Ooh, it's Monarch Number Three


The day after the second monarch, a male, emerged and flew away, the third chrysalis was in a hurry to eclose.

In the late morning, this chrysalis was a dark green, but not dark enough to indicate signs of eclosing the same day. Imagine our surprise when we checked on it in the late afternoon and saw it like this!

The chrysalis is clear and waxy looking, with a few cracks in it.

This is the same butterfly that pupated on the tip of a showy milkweed leaf.

Since other caterpillars were still munching on the same plant, we knew that the leaf would be eaten and the chrysalis would have fallen.

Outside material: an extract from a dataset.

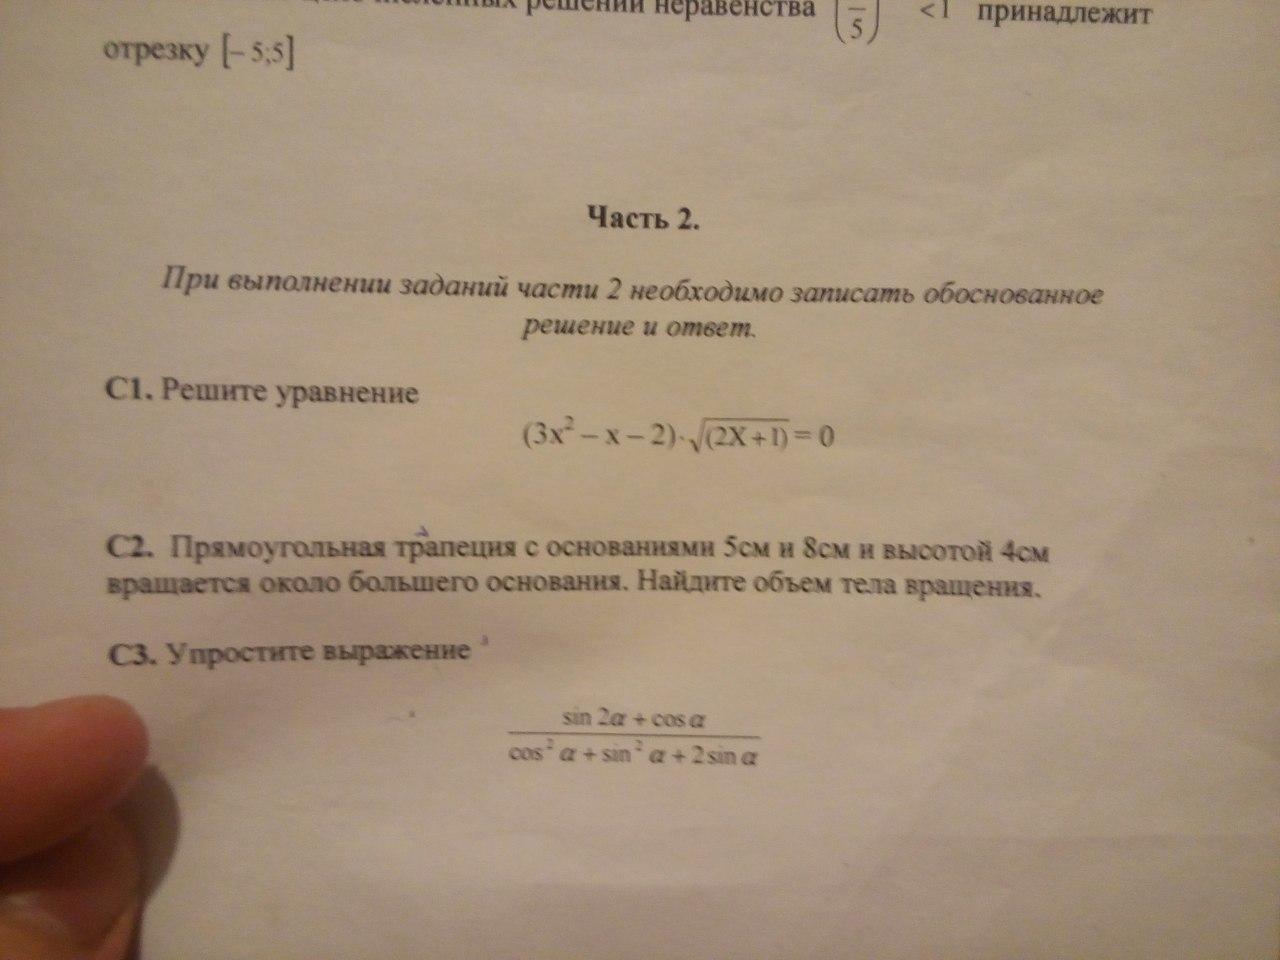 Help me, ребята выручайте, нужно решить только C3 , ничего не помню, амнезия))

We cut the leaf the chrysalis was on and taped the leaf to the outer rim of the container.

You see the tape here, keeping the milkweed leaf anchored.

A few minutes later, out popped the monarch.

The double lines ending in curls above its head is its proboscis that the monarch weaves together to form a tube, so that it can sip nectar.

The wings are crumpled and damp.

The wings enlarge as they straighten out and dry.

This is why it's so important that the butterfly is able to keep a firm grasp and have room to have its wings hang down vertically.

The proboscis is now in a tight curl close to the monarch's head, but still not woven together.

We were very concerned because it was very windy and the butterfly was being buffeted in the gusts. So Tony put his forefinger in front of monarch so that it could climb up and be carefully transported onto one of the blossoms of the dahlia plant growing in the container pictured here.

The monarch, another male, quickly grasped the dahlia blossom.

We carefully moved the dahlia container, monarch and all, next to one of the garden sheds on the patio. It could then be out of the gusts, and focus on weaving its proboscis and continue to dry its wings.

Since the monarch emerged fairly late in the day, the sun was low on the horizon.

It seemed quite content to be on the blossom.

I was so relieved to see that it decided to roost there for the night.

Roosting on the dahlia blossom.

Mid-morning the next day, as soon as the temperature was just right, the monarch suddenly flew up in the air and was off.